When he’d finished, a man from the funeral home announced the location of the cemetery and informed us that people outside would be handing out maps to anyone who needed them. The pallbearers, just members of the funeral home’s staff, wheeled the casket up the aisle and we all stood to follow it out.
It was then that I saw Healey and Dobrygowski standing in the back of the room. I had really hoped to not have to see them again, and the sight of them there started me sweating. Fortunately, they filed out ahead of everyone else and were gone from the lobby by the time I reached it. But I couldn’t shake the feeling that they had come because they knew something, that they had wanted me to see them so that I could stew a little, and would be more likely to make a mistake when they actually talked to me.

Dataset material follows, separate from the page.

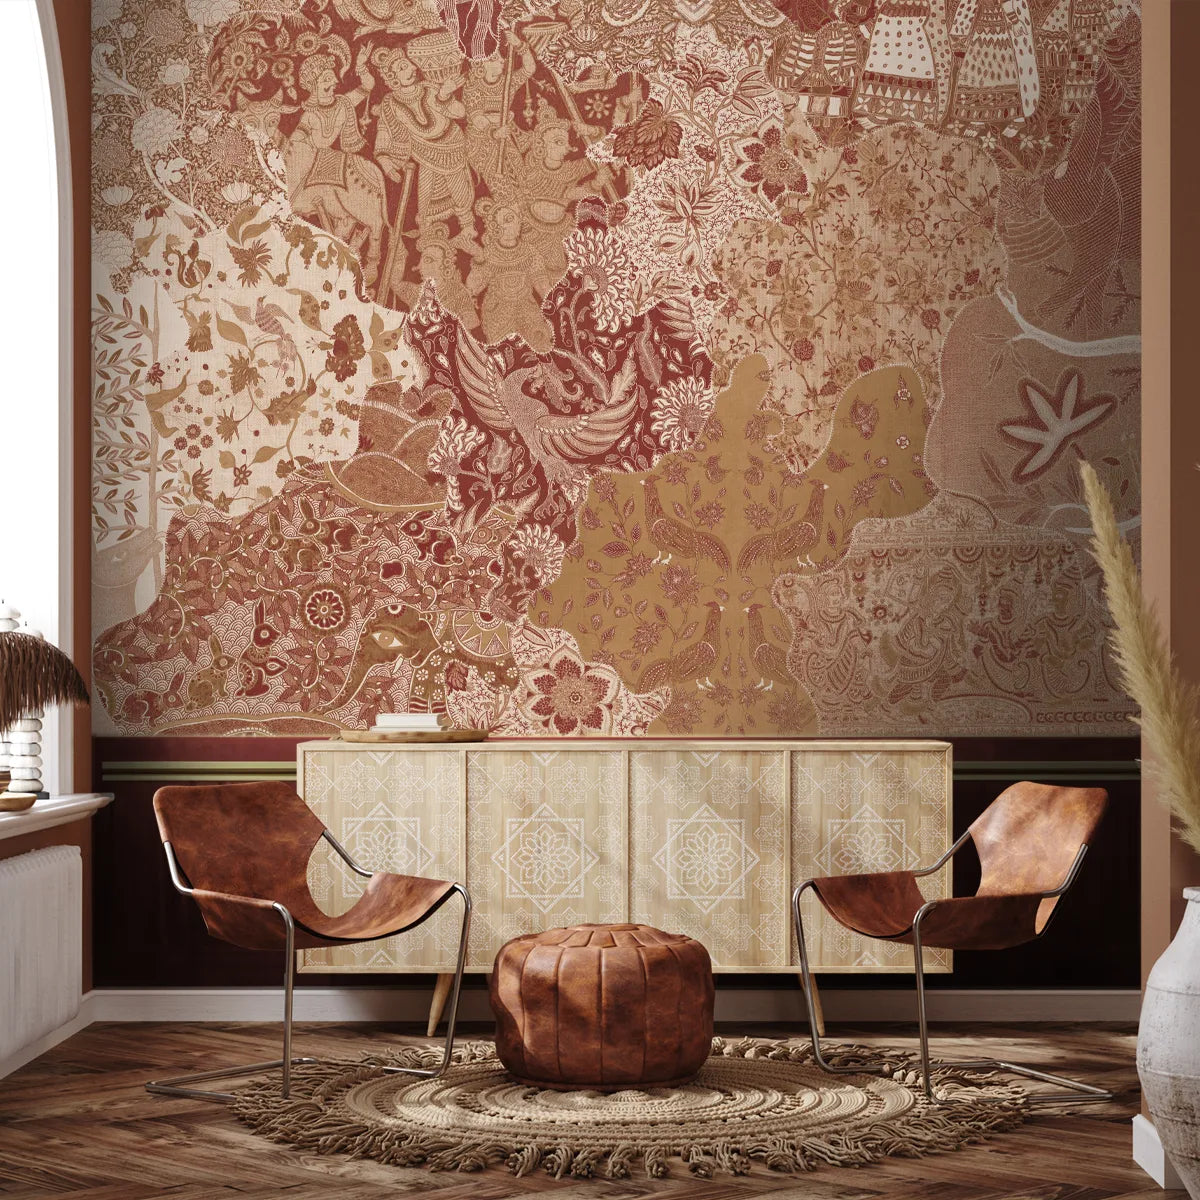 Rang Rali, Indian Wallpaper Inspired by Fabrics of India buy now

I was on edge the entire ride to the cemetery. I didn’t even attempt to talk to Mary or her parents. I told myself that
the cops were just paying their respects, that there was no other reason for them to be at the funeral. Even the police couldn’t be so cold as to arrest a man at his own son’s funeral. They probably had already gone back to work. Surely Joe’s case wasn’t the only case they were working. They felt obligated to make an appearance, but that was all it was, an appearance, and I didn’t have to worry about them anymore.

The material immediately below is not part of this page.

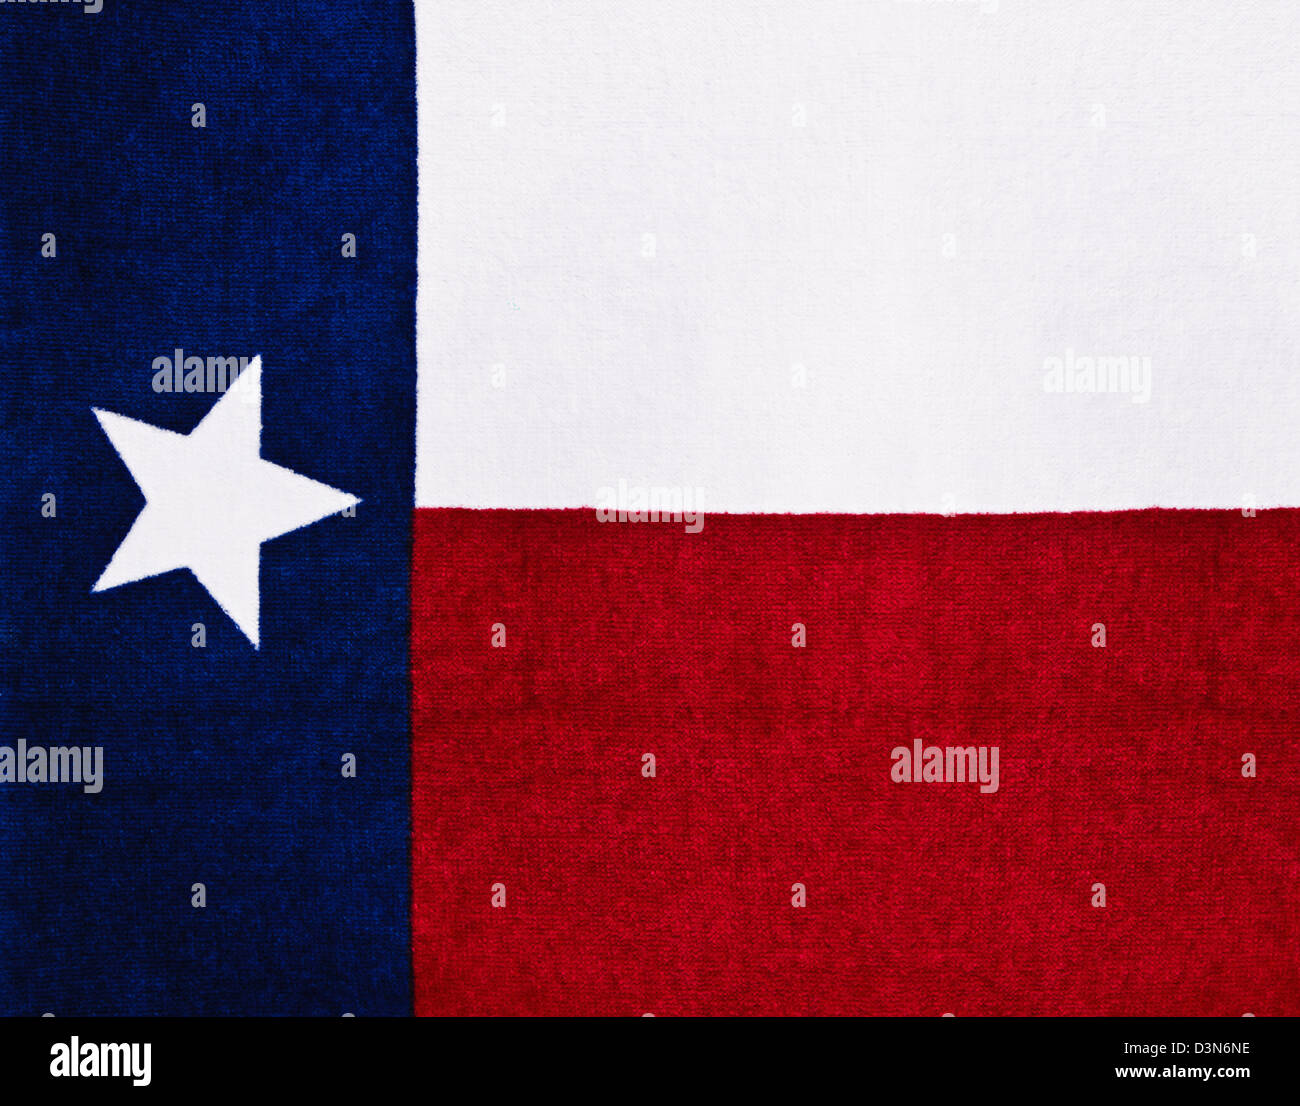 Texas state flag on textured fabric Stock Photo

I’d just about gotten myself believing it when we pulled into the cemetery through an enormous granite archway, the wings of a black iron gate folded back into the grounds. The narrow road was just large enough for a single vehicle. The driver of the hearse expertly drove through the winding hills until he came to the Hadley plot. The large family marker, engraved with the umbrella that had made their fortune, was visible from the car, as was a four-foot pile of dirt.
And on the other side of the road, pulled off on the grass, was a black Lincoln with Healey and Dobrygowski standing up against it.
I got out of the car on the opposite side, and reached back to take Mary’s hand. My reflection in the car’s window—pallid, pinched face, shoulders hunched nervously, rumpled suit—was frightening. I looked like I had a big ‘guilty’ sign around my neck, and my only luck was that it was my son’s funeral, and I hoped the guise of mourning still masked my expression.
I focused studiously on Mary, and even when Dobrygowski gave me a wry smile and a nod, I acted as though I hadn’t seen him. We walked between the graves, picking our way up an incline towards the Hadley marker. It was shocking to see how many of the gravestones, even in the old part of the cemetery, were marked with the war years, ’43, ’44, ’45. And all of them with birth dates as much as twenty-five years after mine.